Friday, June 10, 2011


Recently I was writing back and forth with a friend. They asked about the different kinds of writing I do and what all that was about and this is essentially what I told them:

[Right now it's 1862 in Virginia - I got another contract for yet another book, this one about Mennonites, Amish, pacificism, the American Civil War & why some Amish and Mennonites chose to bear arms to fight against slavery. You know how it works? I go to NYC or TO and I say, "Hey, I have an idea for a novel where an Amish boy dreams about flying, even has a natural gift for it, but his Amish community aren't sure such a gifting can be from God" - and NYC and TO say, "No, thanks." So I go to Ohio and Michigan and Oregon and Florida and publishers there say, "Yes, we love it." But then I go to those same publishers in Ohio and Michigan and Oregon and Florida and I say, "Listen, I have another idea for a novel - two sisters, one Catholic, one Communist - they love each other but they hate each other - Stalin is in the mix and Hitler and Berlin and Moscow and Kyiv - There's romance, there's war, there's God" - "No, thanks," they tell me. So I go to NYC and TO with the same idea and to this idea they say, "Yes!" So now I've figured out I want to tell all kinds of stories and I just have to wander from publisher to publisher to find who will publish which stories and that's all I care about. Every thing's a genre in its own way. So I write in all the genres in order to say what I'd like to say.]

It occurs to me the same thing happens with all of us when we share our stories, testimonies, messages or meditations with the people in the different worlds we move about in. If we talk to teens, we gear our words to a teenage way of looking at the world so they'll understand what we're saying better.
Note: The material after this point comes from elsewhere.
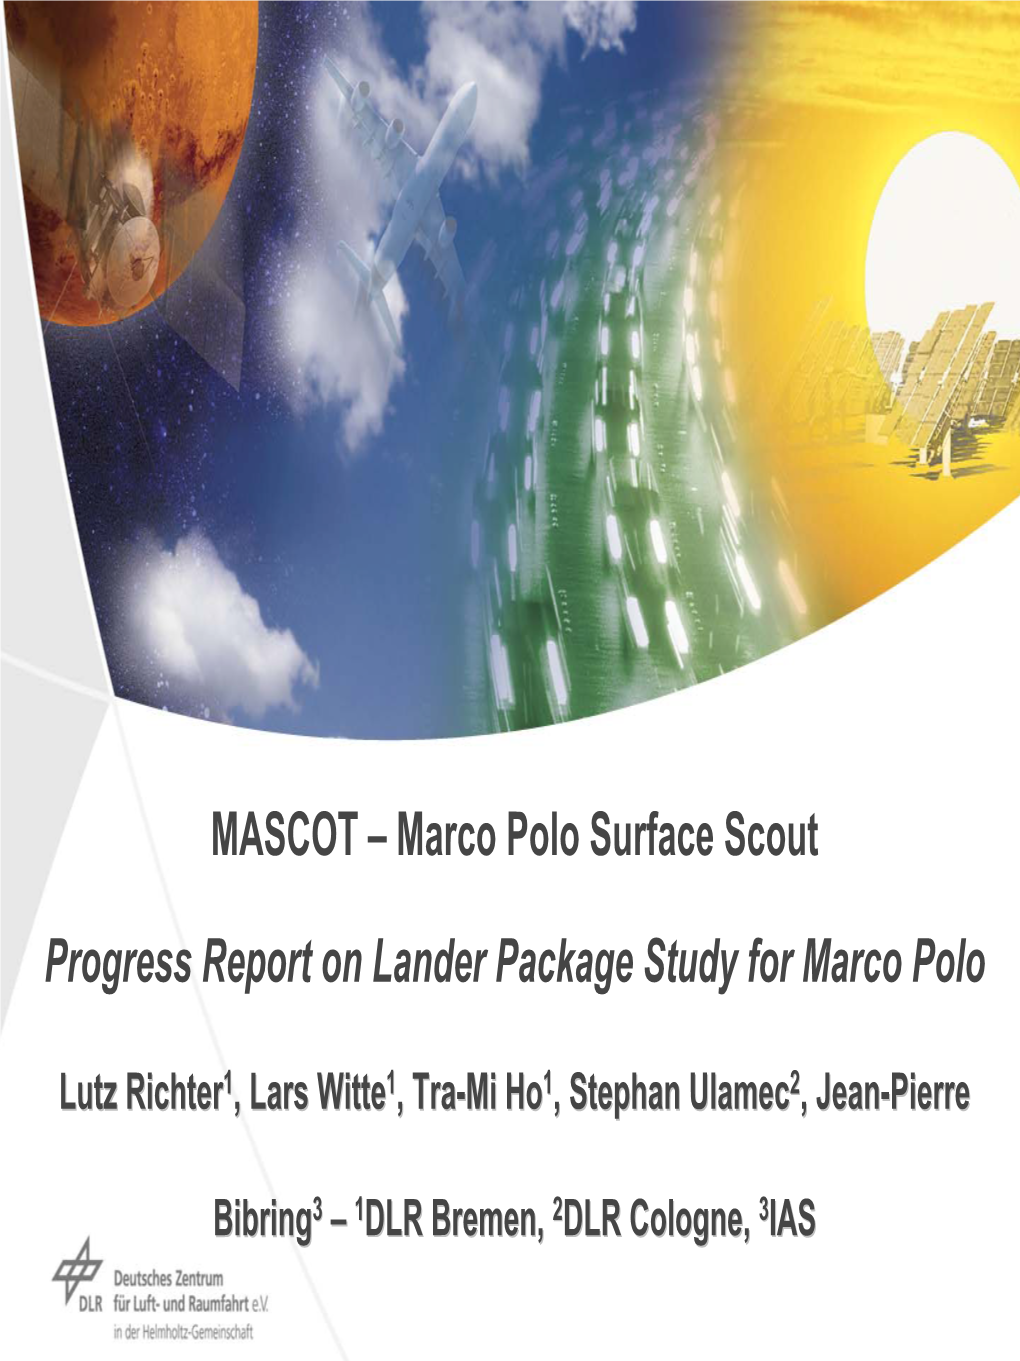 MASCOT – Marco Polo Surface Scout

If we talk to seniors, we make sure our words are understood within their frame of reference. The same goes if you are talking to a college crowd, a church group, people at work, or ladies in your neighborhood. We say what we want to say or feel we need to say but we put it in words we think each group will best understand. It's no different with my writing. I'm just going from place to place and telling my stories in ways different groups will best understand them. And one publisher will publish one approach, another will publish an alternative approach.

God talks to us this way too. Sometimes a breeze, sometimes a thunderclap. Sometimes challenging us to think deeply, other times challenging us scarcely to think things through at all. Sometimes Psalm 23, sometimes Psalm 88. Sometimes the gospel of John hits home, sometimes Mark finds us where we live. Sometimes he meets us in church, sometimes in the desert, sometimes in a shopping mall. God comes at us in a thousand different ways with his words of comfort, encouragement and discipline. We have to learn to realize when it's him because, really, he doesn't talk to us exactly the same way each and every time.

Nor are we restricted to only praying to God in a certain way, or worshiping in a certain way, or reading a certain translation of the Bible or reading it in a certain way at a certain time of day. We do not have to come to God only when we're upbeat (churches on Sunday mornings have to take this seriously and stop acting as if everyone is on a spiritual high). Nor do we only have to have real talks with him when we're most sad, discouraged, depressed or frightened. We can come to him with childlike words or deeply penetrating thoughts or in hilarity or in struggle. Some people still think it's irreverent to come to God when you feel frustrated or angry or upset. Not so. As God comes to us in many ways and we approach others in many ways so we have freedom to speak with God in many ways. We see this in the Bible again and again from different people and different writers - they come in all kinds of moods, all the moods under the rainbow. The Psalms alone are a whole display of the entire gamut human emotions can run and all are felt and expressed in his presence.

Tolkien said not all who wander are lost. As far as going from place to place, person to person, and God moment to God moment to speak the truth that is in your heart, this is very true. We are always looking for the right words, the right prayers, the right ways and often feeling that we are failing. Yet to do this honest wandering is enough. Become a holy wanderer and meet God in a million ways and a million places. Become a holy wanderer and tell your stories in a million places too. Be open to where God wishes to take you. Do not presume to restrict the Holy Spirit. With the words of God in your soul let him show you new paths in Christ, new vistas, new faces. You will be amazed at how your life changes and what you can hear clearly and speak clearly.

Live the diversity that is plain to see not only in God's Creation but in God's Book and, by so doing, live again.

1 comment:

Bill L. said...

Again, very nicely said.

It seems to me that sometimes we wander looking for reality, often afraid to admit, even to ourselves, that reality is what we are seeking because, in some strange and perverse way, that search has been stigmatized as disloyal, even traitorous or faithless.

Wonder of wonders -- God, the One calling Himself our "Father" – He is so faceted that true reality has enough frames to fit the art being done, made of all the pictures God is painting of each of our lives. God is not sterile, He is not "tamed" -- and neither should we be. Led and constrained in love and wisdom, yes, but controlled, manipulated, intimidated, dominated and contained -- No! God's essence is being built into us moment by moment and it is to His praise we realize there is a reason so many different leaves exist.